Armadillo dataset. The surfaces are reconstructed from 7800 points

6 Discussions and future works

This paper introduced a new algorithm to estimate the Weingarten map for point clouds sampled from some distribution on a submanifold embedded in Euclidean space. A statistical model was also established to investigate the optimal convergence rate of the Weingarten map estimator. Numerical experiments were carried out to validate the consistency of the algorithm. Compared with other methods concerning the second fundamental form and curvature estimation, our method showed great robustness and efficiency. Applications to real data sets indicated that our method worked well in practice.
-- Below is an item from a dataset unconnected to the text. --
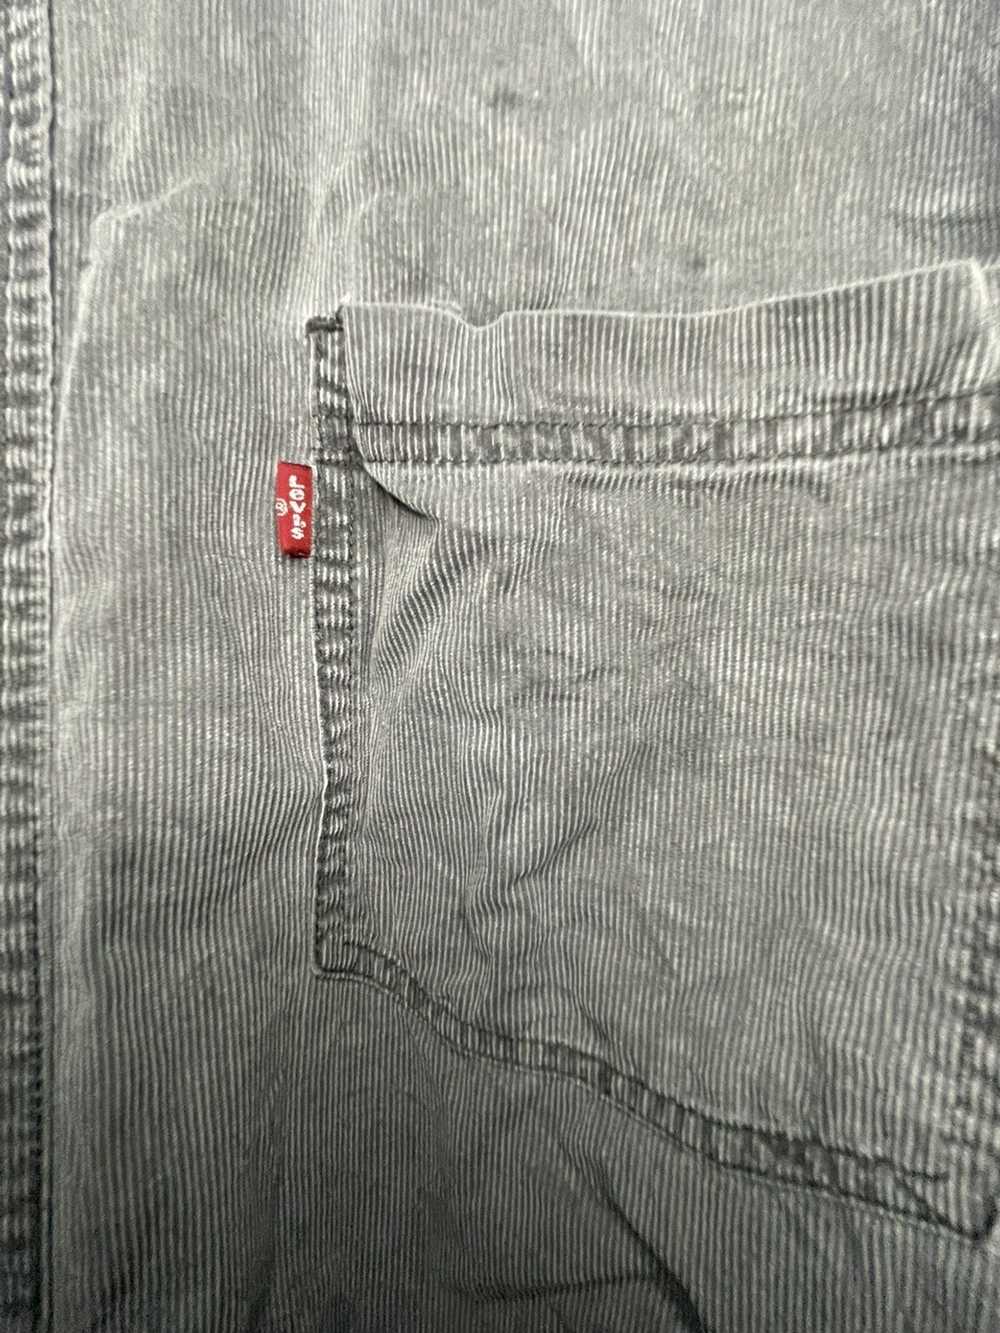 Levi's Corduroy Levi’s Button Up Shirt - image 2

The Weingarten map is a vital tool which is indispensable in the study for submanifolds. In the literature of manifold learning, where data sets from high dimensional Euclidean space are always assumed to be sampled from some underlying low dimensional manifold, the Weingarten map helps researchers to investigate the underlying space from an extrinsic view. Furthermore, the Weingarten map is also in close relation with many other concepts in Riemannian geometry. Curvature is mentioned as one of them. Therefore, we expect many possible applications in the future. For example, the following are of our concern.

Optimization on manifolds

In Absil et al. (2013) the authors presented a useful relationship between the Weingarten map and Riemannian hessian of functions, and the latter plays an important role in Riemannian optimization. Especially, Riemannian hessian is critical in all kinds of second-order optimization methods on Riemannian manifolds (Boumal, 2020; Huang et al., 2015). We expect our method can be applied in Riemannian optimization problems such as low-rank matrix completion (Vandereycken, 2013), high-dimensional tensor completion (Steinlechner, 2016) and independent subspace analysis (Nishimori et al., 2006).

Laplacian-based methods

Laplacian-based methods are extensively studied in manifold learning. Theories and applications about graph Laplacian are popular in the realm of computer vision (Dinesh et al., 2020), network analysis (Grindrod et al., 2018), and statistical learning (Belkin & Niyogi, 2002; Belkin & Niyogi, 2007; Belkin & Niyogi, 2004). It is known that the Weingarten map is related to the Beltrami–Laplacian operator on Riemannian manifolds. We expect to find other ways to construct the Laplacian estimator on point clouds.

Statistical inference on point clouds

In the application for brain cortical data our method showed great efficiency in curvature estimation. In recent researches, many kinds of curvature appeared to be useful indexes in statistical inference and regression (Luders et al., 2006; Yue et al., 2020). We expect to find applications in fields such as biostatistics, medical imaging and neuroscience.